▶ Required work: Your answer must be an exact copy of the data, without any pictures.

▶ Provided data:
○ ○ ○

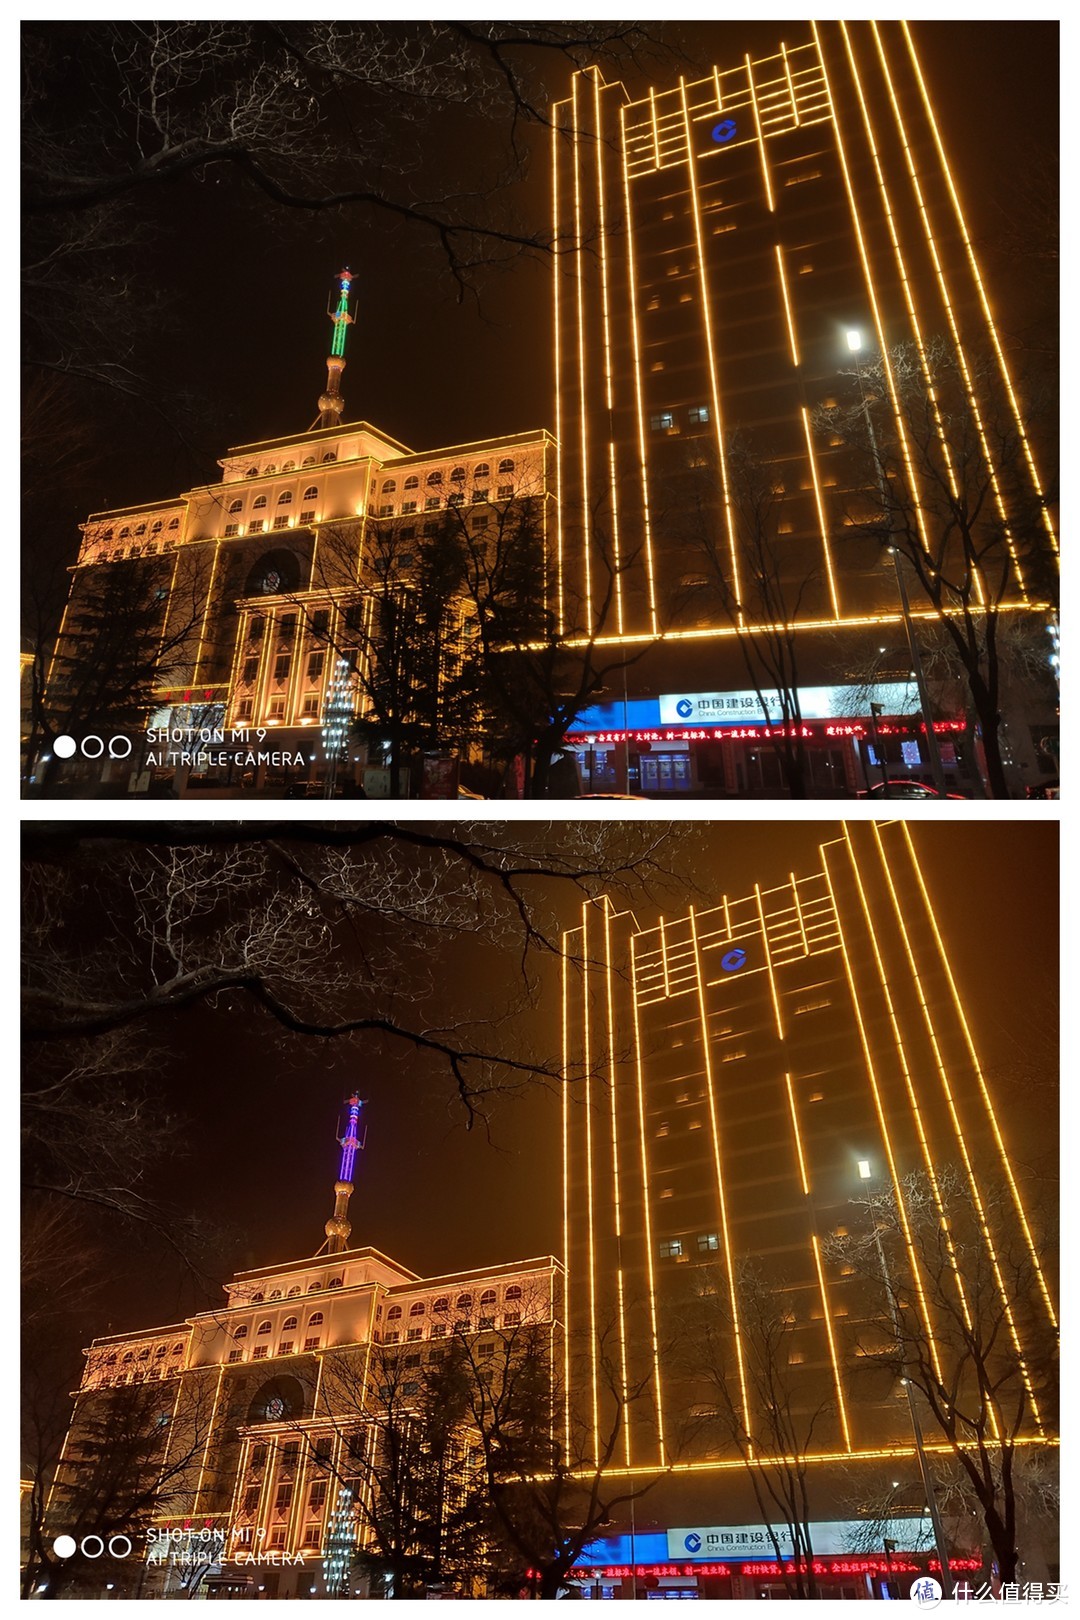 ▲上图AI模式，下图超级夜景。可以看到米9在面对这种光源的时候超级夜景模式甚至翻了车，右边大楼的轮廓夜景全部被打亮。
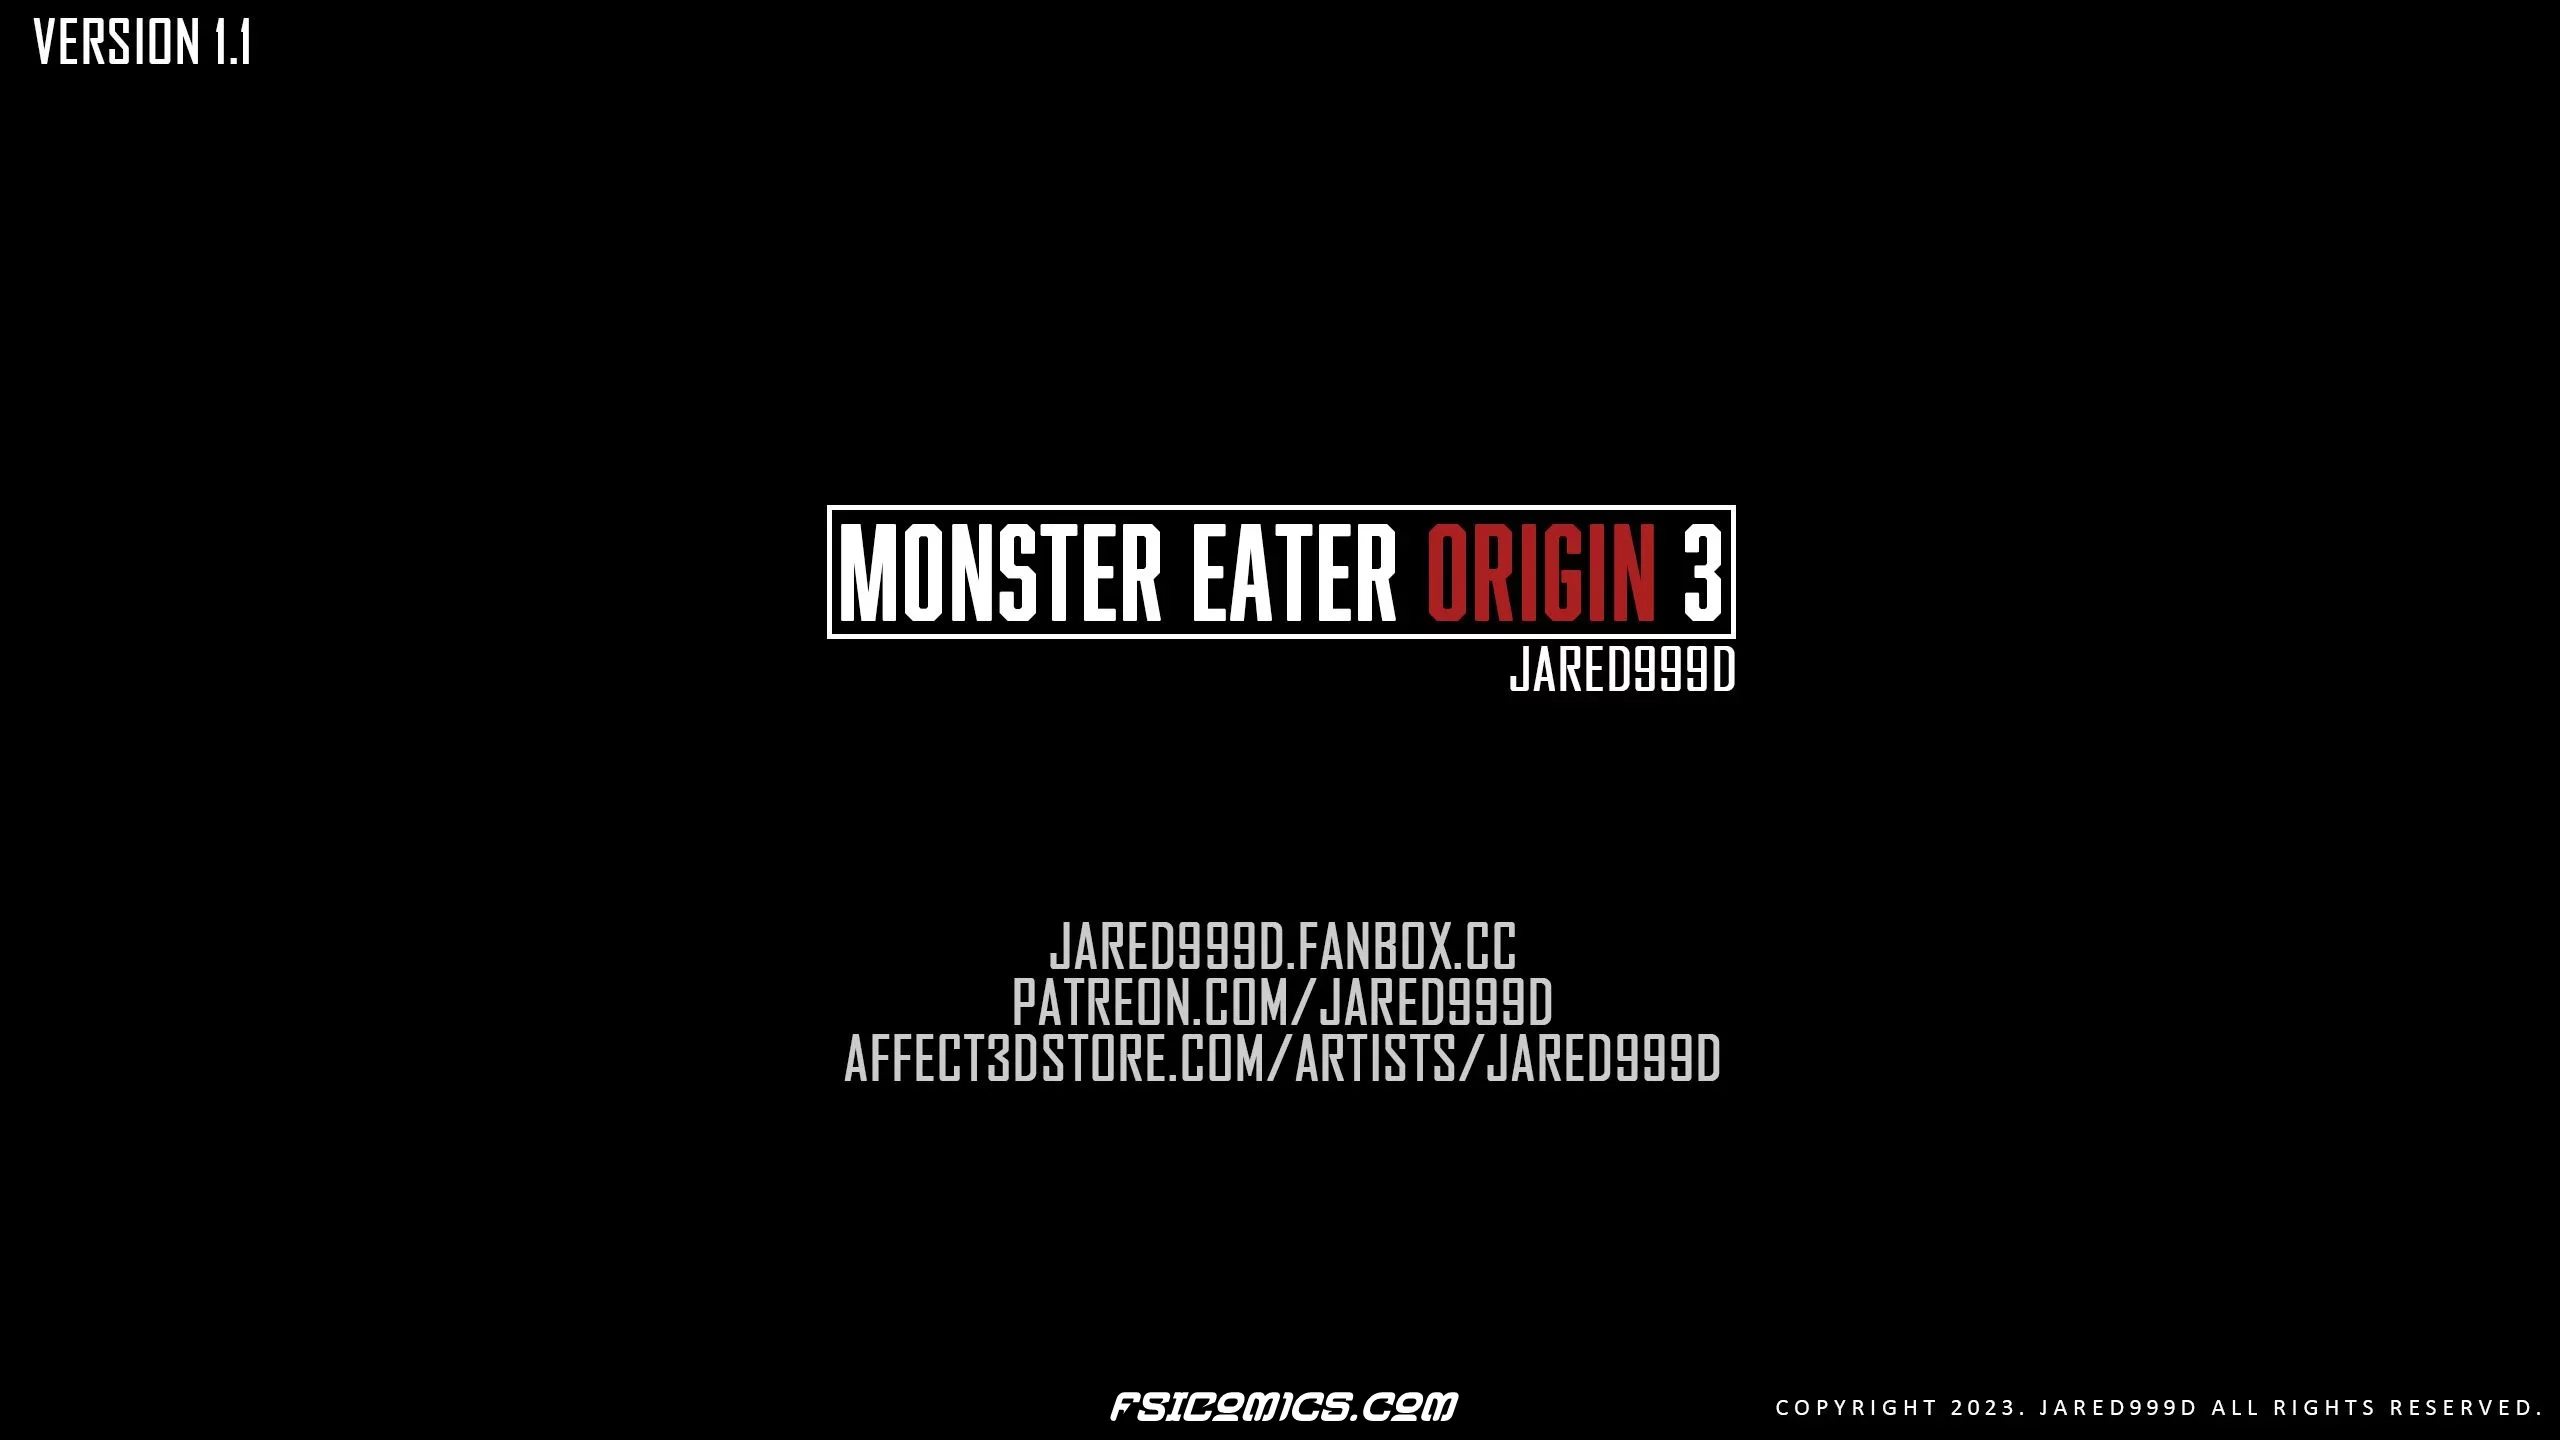 Monster Eater Origins Chapter 3 - Jared999D - 35 - FSIComics
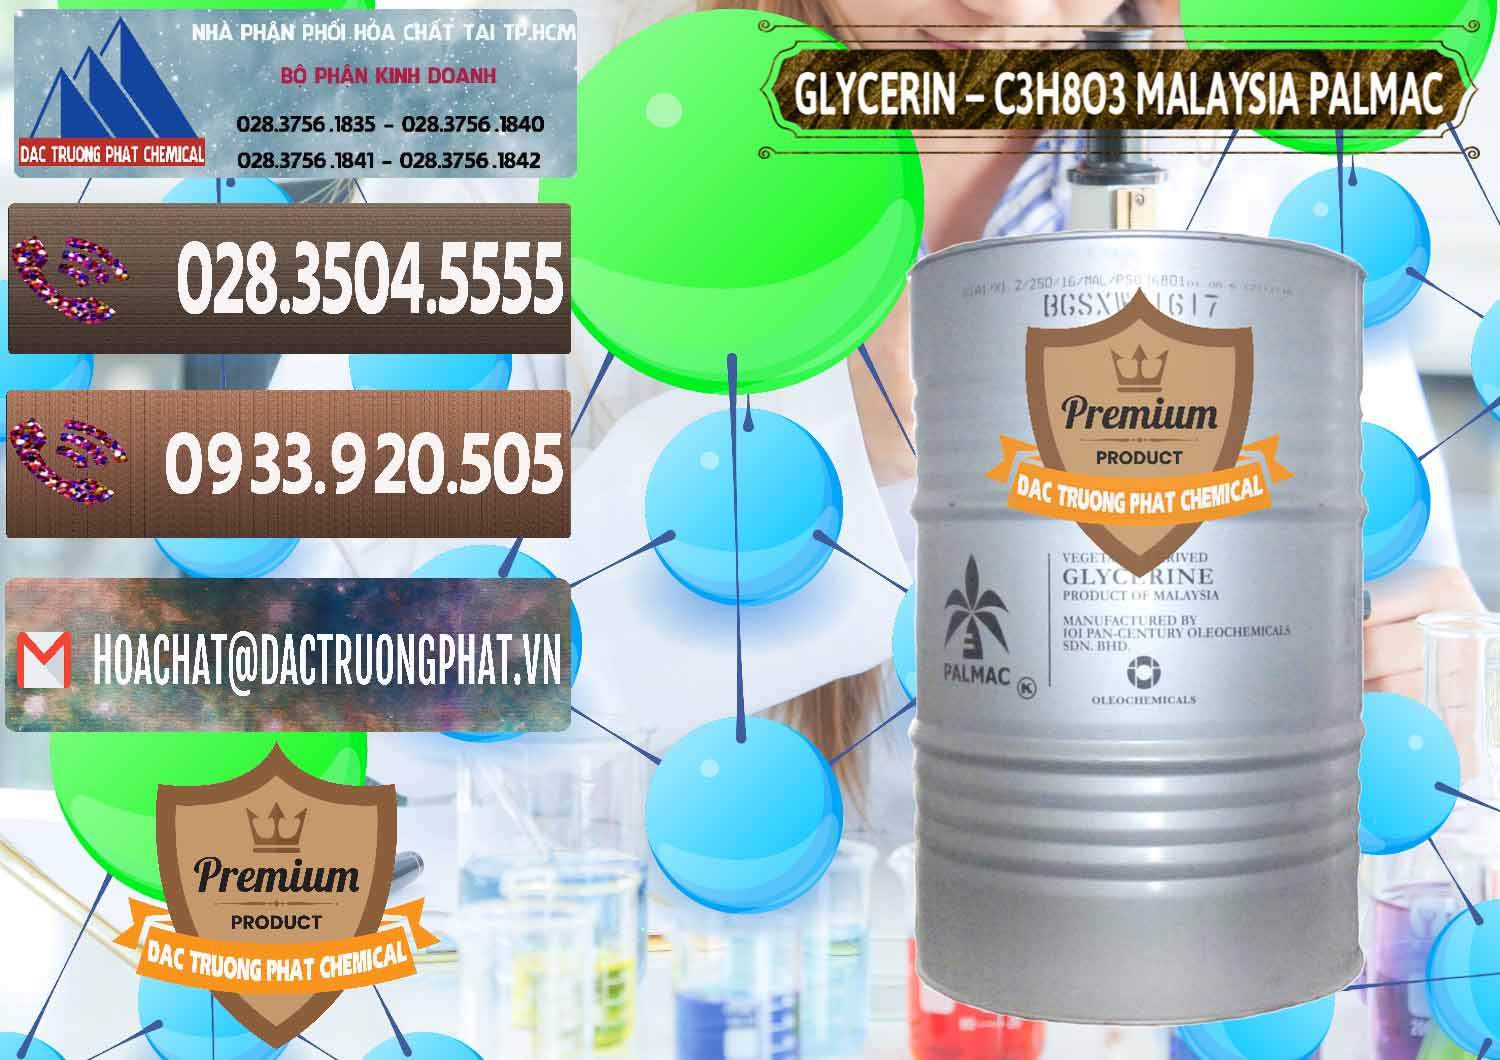 Chuyên bán ( cung cấp ) Glycerin – C3H8O3 99.7% Malaysia Palmac - 0067 - Cty cung cấp _ kinh doanh hóa chất tại TP.HCM - hoachatviet.net

○ ○ ○

▶ Response to this exercise:
 ▲上图AI模式，下图超级夜景。可以看到米9在面对这种光源的时候超级夜景模式甚至翻了车，右边大楼的轮廓夜景全部被打亮。
 Monster Eater Origins Chapter 3 - Jared999D - 35 - FSIComics
 Chuyên bán ( cung cấp ) Glycerin – C3H8O3 99.7% Malaysia Palmac - 0067 - Cty cung cấp _ kinh doanh hóa chất tại TP.HCM - hoachatviet.net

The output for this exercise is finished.